Storybook Weaver is a 1990 educational game originally released on floppy disk for the Apple IIGS, aimed at children aged 6–12. An updated version, Storybook Weaver Deluxe, was released for Windows and Mac computers and featured much more content than the original. Both versions were released by MECC. The Deluxe version was made available for both home and school environments. A Teacher Resource CD for the software included lesson plans and user guides.

== Gameplay ==
=== Storybook Weaver ===
Storybook Weaver is a program that is intended to enable and motivate children to easily create their own stories on a computer. The most noticeable feature of the game is the sizable space allowed for illustrations on each page of a story. The game offered hundreds of backgrounds, objects and characters that could be selected from easy-to-use categories and placed anywhere on the page through a simple click-and-drag process. Backgrounds in the original featured mostly natural, outdoor locations, with which players could switch between day, night, dawn and dusk effects on the landscape. Users could piece together items such as walls and floors to create indoor settings for stories.

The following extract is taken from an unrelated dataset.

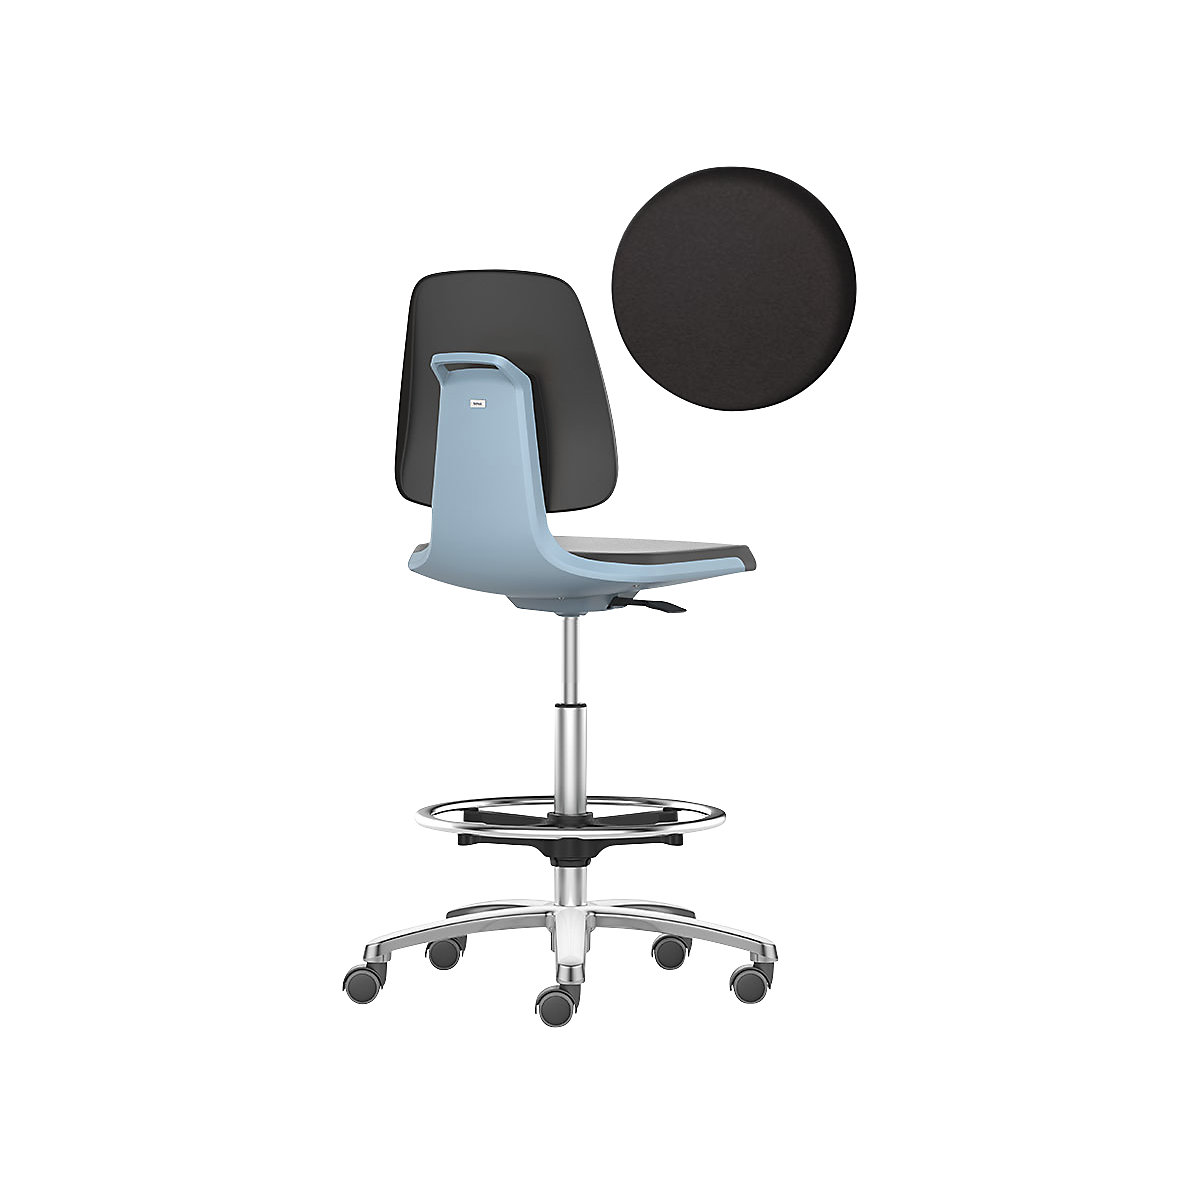 bimos – Siège d'atelier LABSIT, siège haut avec roulettes blocables et repose-pieds circulaire, assise en mousse PU, bleu

The graphical objects offered in the software included food, furniture, vehicles, vegetation, housing, floors, doors, walls, weather effects, natural landscape features and so on. The characters which could be placed in a story included humans, animals and make-believe people from fairytales and classic mythology. There were many human characters of various nationalities, most of which had several positions to choose from, including standing, running, sitting and sleeping. Fantasy characters included fearsome dragons, hobbits, fairies, giants, ghosts, Greek mythological creatures, and magical beings such as sorcerers and witches such as Baba Yaga. Any object could be creatively manipulated to produce various effects, through flipping objects through various angles or modifying colour, size and shape in a paintshop-type program. For example, a puddle of water could be turned red to represent a pool of blood.

=== Storybook Weaver Deluxe ===
The Deluxe version incorporated a combination of material and functionality from the Storybook Weaver and the My Own Stories software titles and greatly expanded on the features of the original Storybook Weaver with a completely updated user interface.

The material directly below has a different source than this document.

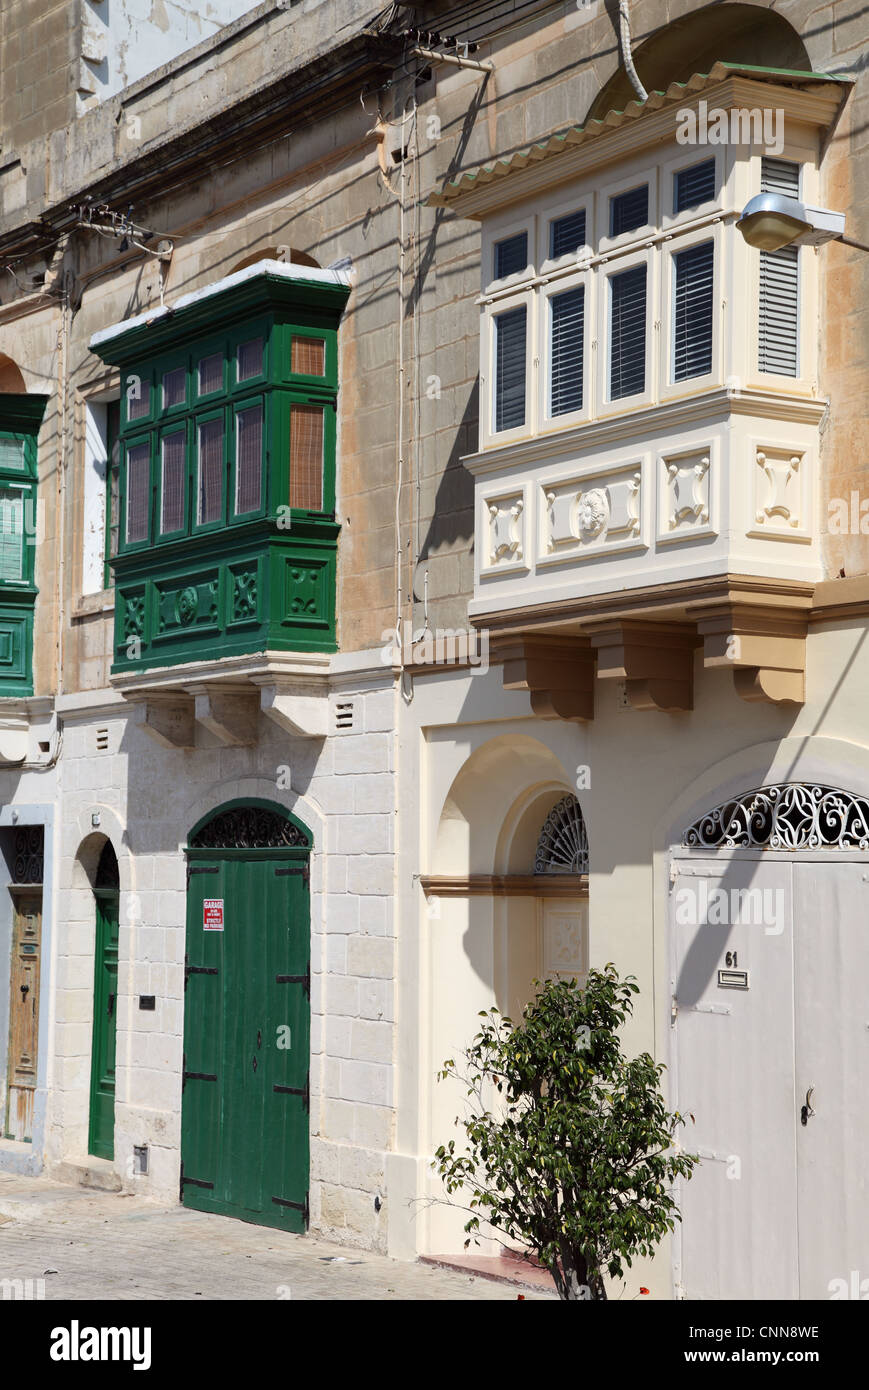 Zwei traditionellen maltesischen Häuser mit charakteristisch vorspringenden Erkern oder überdachten Balkonen, Rabat, Malta, Europa Stockfoto

A screenshot of MECC's Storybook Weaver Deluxe over a Citrix ICA session displaying the interface and tools used to create a story.

This version largely kept the original backgrounds, items and characters from the original game and added a large number of new objects and categories, such as a world landmark category, including the Statue of Liberty and the White House. The objects from the original version were updated in higher textures to match the quality of the new objects. The game offered a lot more features in the real and modern indoor and outdoor world, including streets, cities, a bedroom, a classroom, a shopping mall and much more. The game didn't skimp, however, on aspects of the ancient or fantasy worlds.

A noticeable feature of the Deluxe version was its bilingual capacity. Users could now write stories in English or Spanish, accompanied with a bilingual text-to-speech feature, an English/Spanish spell checker and a thesaurus. Deluxe also included "story-starters" for children who found it more difficult to get into the creative mindset, a voice recording feature, spoken tutorials and a library of object sounds and music. The Deluxe version of the program was re-released in a 2004 edition.

== Critical reception ==
Patrick Honan of Computer Shopper liked that the game transformed stories into multimedia experiences, and appreciated how the game was simple enough to use while difficult enough to master. Meanwhile, Lesley Alderman of The Buffalo News listed the title in an article called "10 TOP-RATED SOFTWARE SELECTIONS FOR YOUR CHILDREN". THE Journal appreciated the game's goal to inspire and motivate kids, and liked that it offered an "easy-to-use" word processor. Knight Ridder described the program as "effortless".